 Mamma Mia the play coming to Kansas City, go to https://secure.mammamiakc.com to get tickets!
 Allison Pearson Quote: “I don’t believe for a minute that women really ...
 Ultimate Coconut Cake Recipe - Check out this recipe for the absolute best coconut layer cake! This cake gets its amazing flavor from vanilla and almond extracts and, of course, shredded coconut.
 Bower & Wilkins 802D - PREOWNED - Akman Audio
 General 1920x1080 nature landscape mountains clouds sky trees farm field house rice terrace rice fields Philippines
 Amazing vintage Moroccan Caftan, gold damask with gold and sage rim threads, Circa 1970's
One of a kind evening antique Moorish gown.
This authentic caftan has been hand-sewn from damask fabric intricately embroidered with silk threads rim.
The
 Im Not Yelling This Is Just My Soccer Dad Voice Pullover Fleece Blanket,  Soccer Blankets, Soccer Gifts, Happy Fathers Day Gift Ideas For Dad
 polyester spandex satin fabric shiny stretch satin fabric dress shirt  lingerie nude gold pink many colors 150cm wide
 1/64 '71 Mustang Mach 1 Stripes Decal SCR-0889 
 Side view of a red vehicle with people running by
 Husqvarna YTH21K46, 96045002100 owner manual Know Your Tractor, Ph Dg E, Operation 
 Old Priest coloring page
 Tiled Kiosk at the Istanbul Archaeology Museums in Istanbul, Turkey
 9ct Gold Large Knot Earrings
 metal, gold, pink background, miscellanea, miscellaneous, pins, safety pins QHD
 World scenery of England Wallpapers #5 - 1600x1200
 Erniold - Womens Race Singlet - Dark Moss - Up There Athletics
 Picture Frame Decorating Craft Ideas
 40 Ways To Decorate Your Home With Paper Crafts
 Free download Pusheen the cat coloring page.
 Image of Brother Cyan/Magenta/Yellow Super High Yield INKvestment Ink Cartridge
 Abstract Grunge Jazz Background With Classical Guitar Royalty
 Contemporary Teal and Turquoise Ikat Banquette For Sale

# # #

# TASK DIRECTIONS:
Transcribe the opening lines of the listing exactly, please. Stop after the line that contains "women really ...".

# RESPONSE:
 Mamma Mia the play coming to Kansas City, go to https://secure.mammamiakc.com to get tickets!
 Allison Pearson Quote: “I don’t believe for a minute that women really ...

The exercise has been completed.